Еще долго после того, как все закончилось, Алекса продолжала лежать с закрытыми глазами, ощущая во всем теле необычную приятную усталость. Она ощущала себя легким парящим перышком… Зачем она так сопротивлялась, почему не давала воли своим чувствам, которые доставили ей столько удовольствия? Чувствам, которые она не могла описать даже самой себе, вернее, даже не чувствам, а мириадам ощущений, которые в один миг нахлынули на нее, пока… Во всяком случае, теперь она знала, что значит хотеть и что значит заниматься любовью. Удивительно прекрасно и в то же самое время жутко чувствовать, как ты распадаешься на миллионы сладостных лучиков, а потом собираешься вновь. Интересно, она теперь падшая женщина? Не важно. На губах Алексы заиграла счастливая улыбка, и она засмеялась от переполнявшей ее радости и легкости.

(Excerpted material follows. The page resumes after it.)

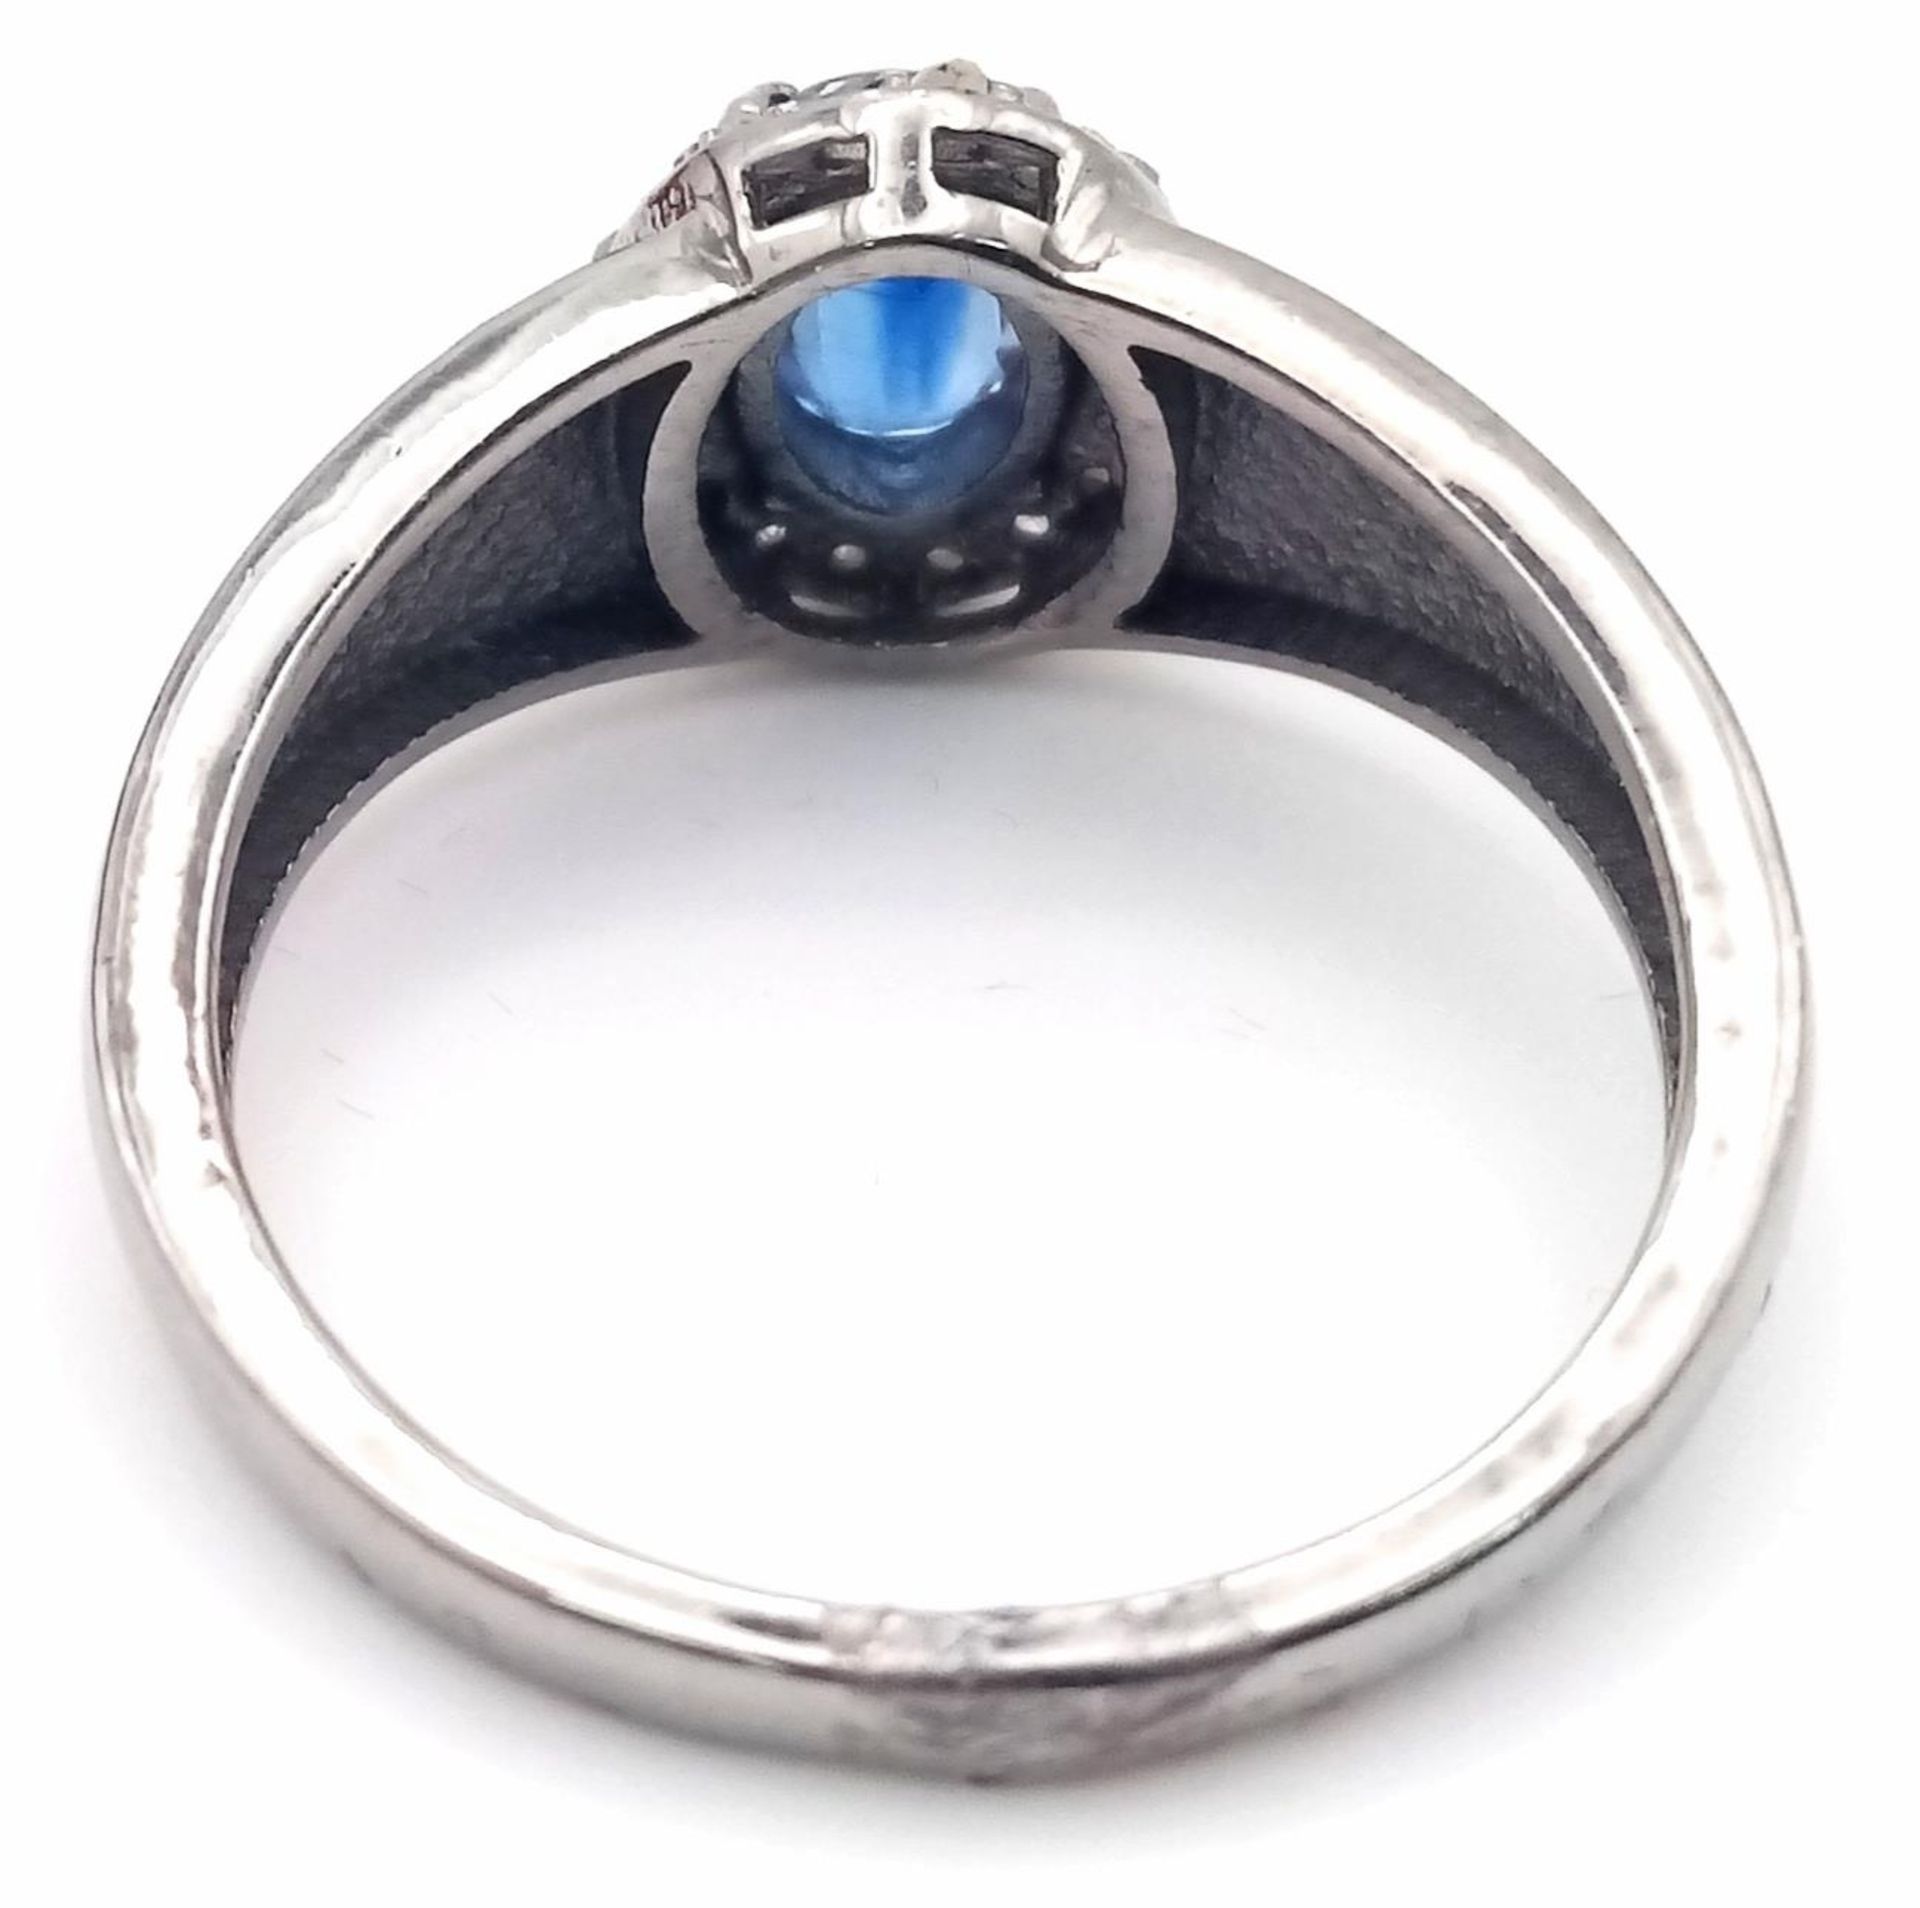 A Kyanite and Diamond Ring set in 925 Silver with a Black Rhodium Coating. Size O. Kyanite- 0. - Image 3 of 5
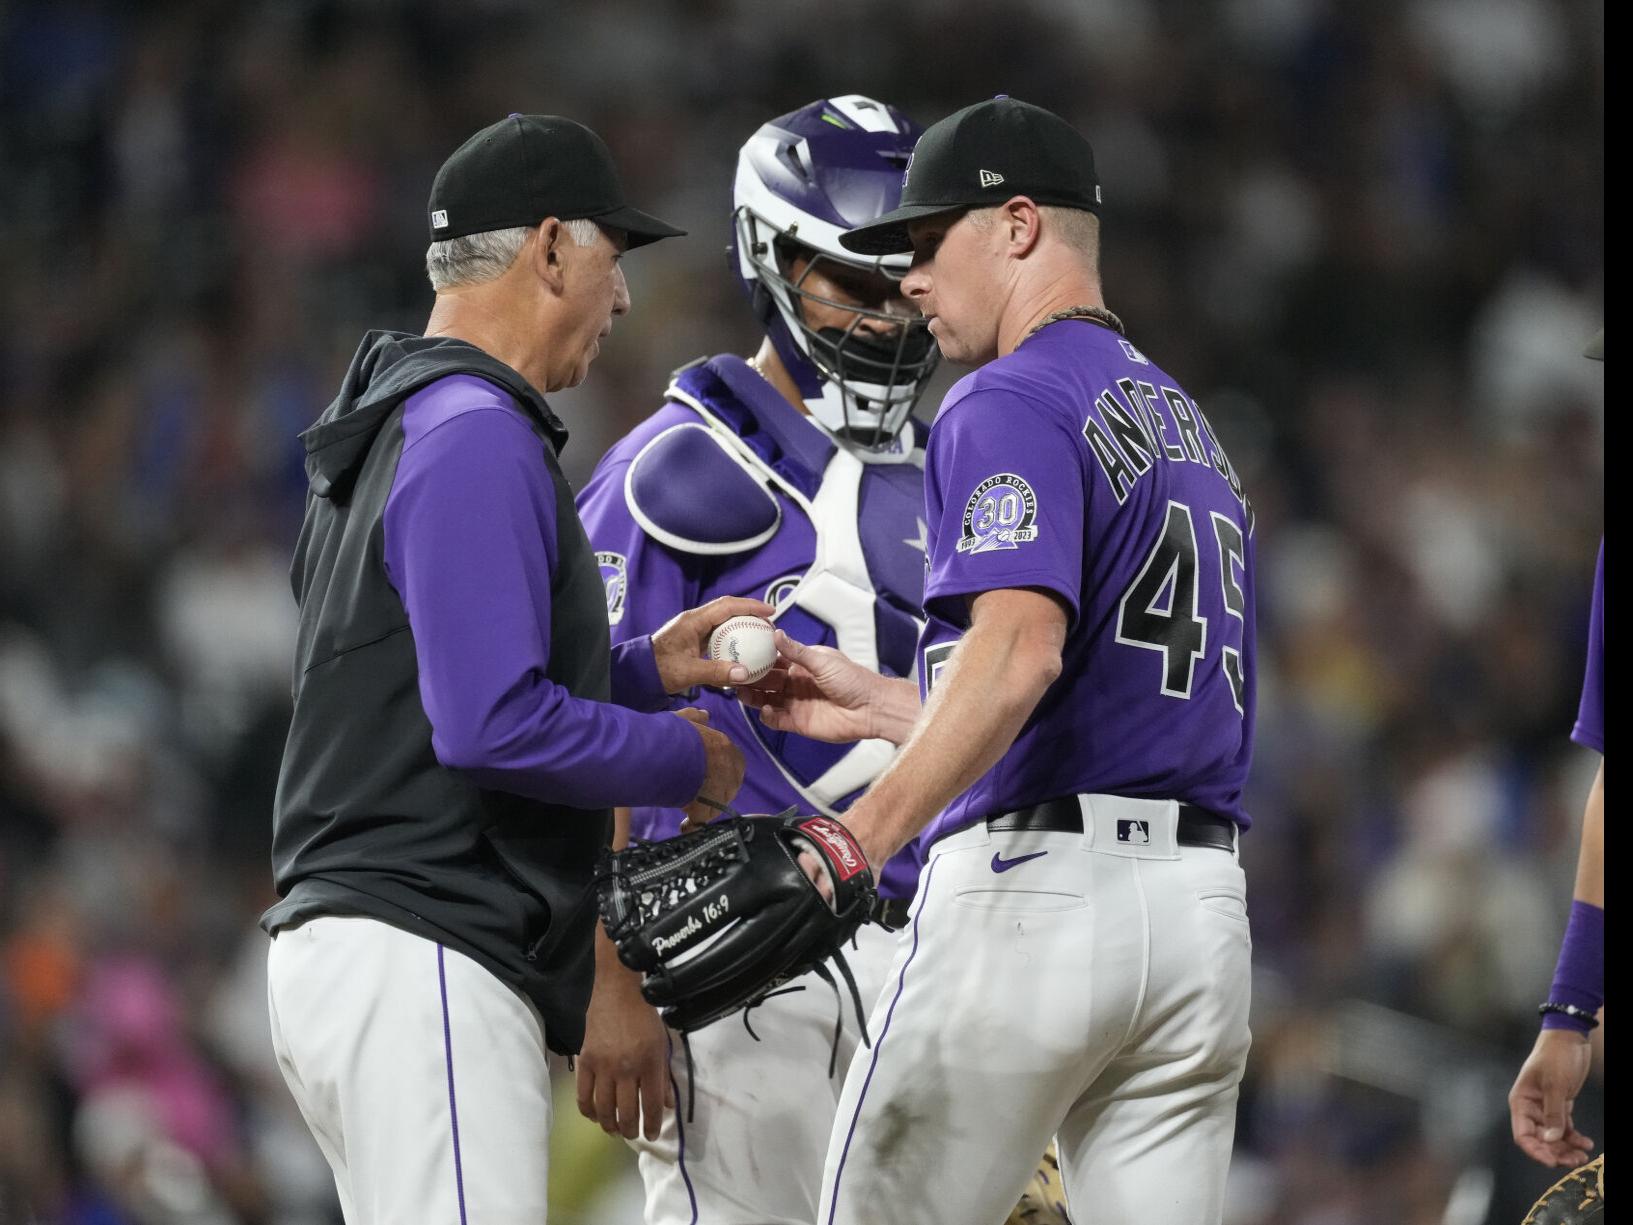 Rockies' Austin Gomber, so good at Coors Field last year, roughed up by Cubs

— Ну, теперь-то что с тобой?

Не понимая, почему его голос звучит так резко, Алекса открыла глаза и лениво повернулась на бок. Он лежал на спине, подложив руки под голову, и недовольно хмурился.

— Что случилось? — прошептала она. Голос ее звучал нежно и кокетливо, когда она ласково провела пальцем по его голой груди, ощущая упругость и силу его тела. Но вместо ответа он грубо оттолкнул ее руку. Пораженная этим, Алекса вопросительно посмотрела на него:

— Неужели это прикосновение было дерзостью с моей стороны? Я только хотела…

— Черт побери! Алекса! — Он говорил резко и грубо. Опершись на локоть и повернувшись лицом к ней, он продолжал почти со злостью: — Тебе следовало бы уже знать, что существует предел терпению и самоконтролю. А мое терпение, смею тебя уверить, подверглось большому испытанию и почти готово было лопнуть! Ты понимаешь меня?

— Но… я не хотела… Николас! Я не хотела, чтобы ты снова рассердился на меня! Я только хотела показать тебе, как я счастлива сейчас. Пожалуйста, не сердись! А если ты объяснишь мне, что я сделала неправильно, я постараюсь больше не повторять своих ошибок…

— Ты можешь помолчать и выслушать меня?

Ярость, звучавшая в его голосе, заставила Алексу замолчать. Она смотрела на него широко раскрытыми глазами. А Николас, тяжело вздохнув, принудил себя говорить более спокойно:

— Извини! Это не твоя вина, что у меня сейчас такое мерзкое настроение. Оно абсолютно не имеет никакого отношения к тому, что ты делала, хотя ты и была своего рода причиной… Нет, пожалуйста, не надо ничего говорить, я уже вижу, как слова готовы сорваться с твоих прелестных губ, quericla mia, сначала выслушай меня. Ночи иногда бывают такими короткими, а мне еще нужно успеть на корабль, чтобы мы могли отплыть во время прилива. И хотя я не привык говорить речи и деликатные слова, я по какой-то необъяснимой причине чувствую, что должен предупредить тебя о… — Он мрачно выругался про себя. — По-моему, я сейчас говорю, как твой дядюшка или миссис Лэнгфорд! Но поскольку я уже начал…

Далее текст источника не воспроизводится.